The food price index of the FAO falls in September due to the abundance of stocks

Rome, October 4 ( – World food prices fell in September due to the growing stocks of the main staple foods.

The FAO food price index fell by 1.4 percent compared to August and now stands at 7.4 percent below the level of September 2017.

The FAO grain price index fell 2.8 percent, supplied by maize, because the expectations of a very abundant crop in the United States of America reduced export prices. International prices for rice and wheat also fell in September, for wheat, mainly due to the high sales figures and shipments still in the making from the Russian Federation.

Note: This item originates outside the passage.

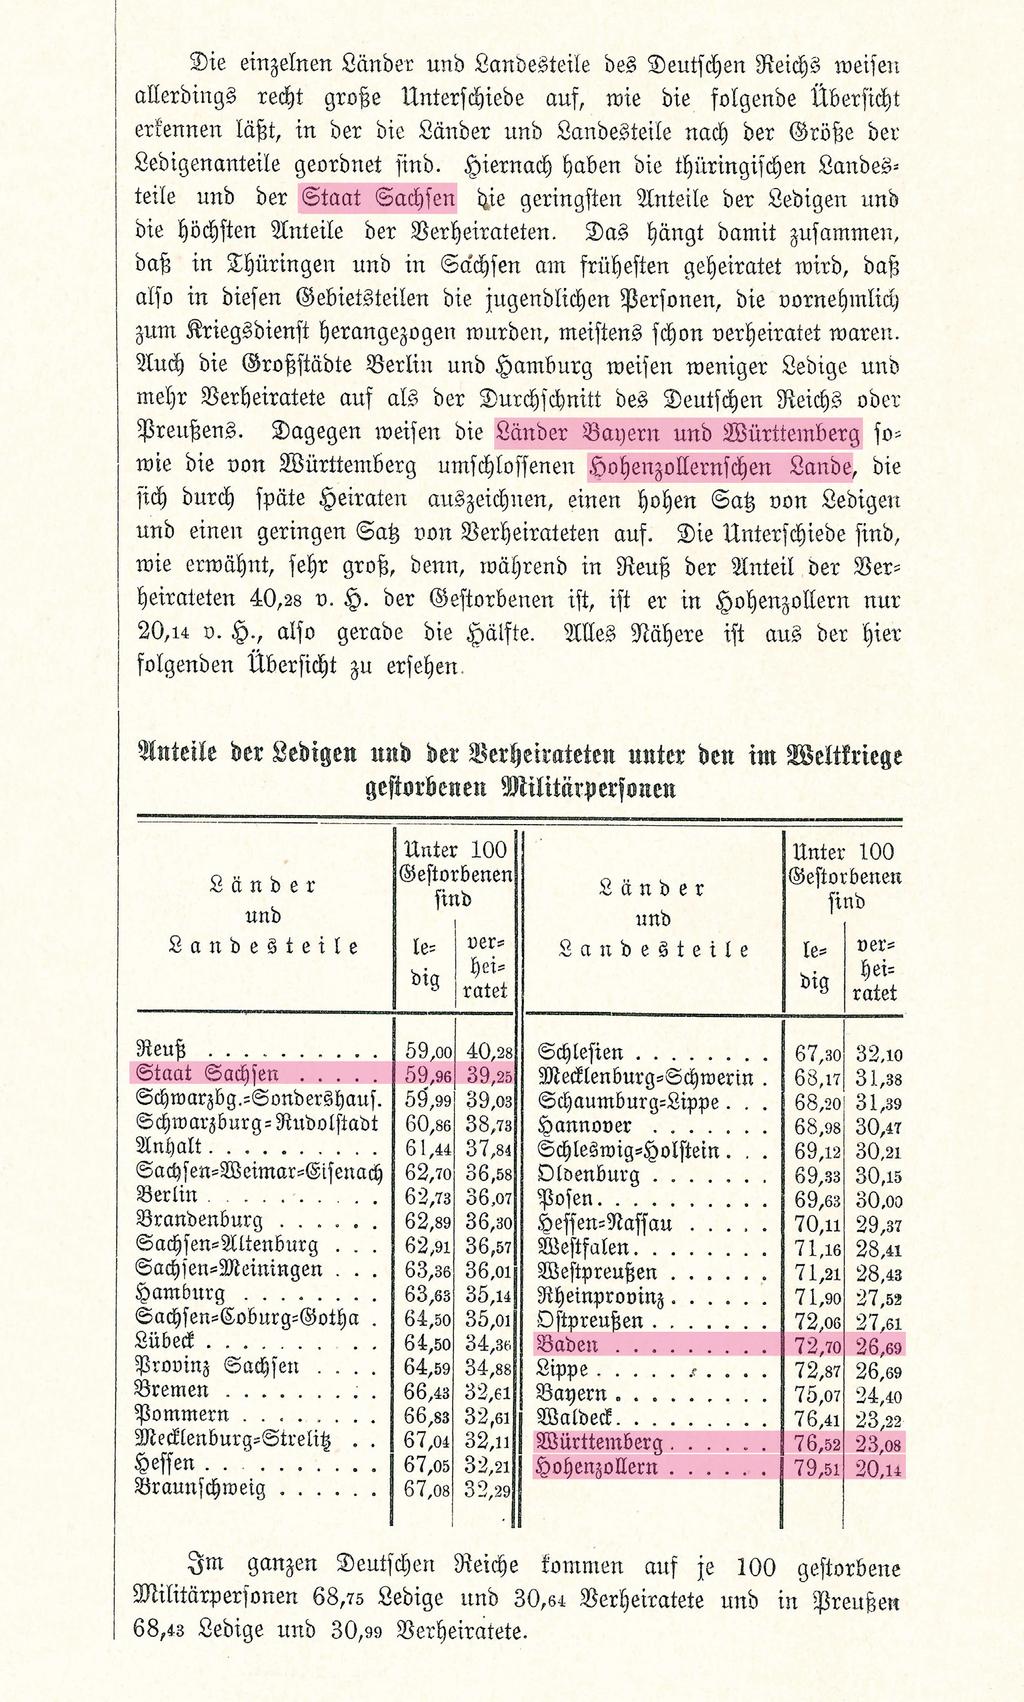 Quelle: Statistik des Deutschen Reichs, Band 276 Bewegung der Bevölkerung in den Jahren 1914 bis 1919,

The FAO price index for vegetable oil recorded its eighth consecutive monthly decline and dropped by 2.3 percent to the minimum of three years. Palm oil prices recorded the sharpest decline, hit hard by the large stocks in the main export countries, and are now 25 percent below their level a year ago.

FAO's milk price index fell by 2.4 percent in September and continued its downward trend, while the price index for meat fell slightly compared to the revised value in August.

The FAO sugar price index is 21 percent below the level of September 2017, while it has increased by 2.6 percent compared to August, as the harvest is under way in Brazil – The largest producer and exporter in the world, points out that the drought conditions have had a negative effect on the yields of sugar cane. Monsoon rains below average in India and Indonesia also exerted upward pressure on international sugar prices.

FAO increases its prediction of cereal production for 2018

In its informative paper on grain demand and supply, which is also published today, the FAO is raising its prognosis for world cereal production to 2 591 million tonnes this year, although this figure is still 2.4% below the historical ceiling of 2017.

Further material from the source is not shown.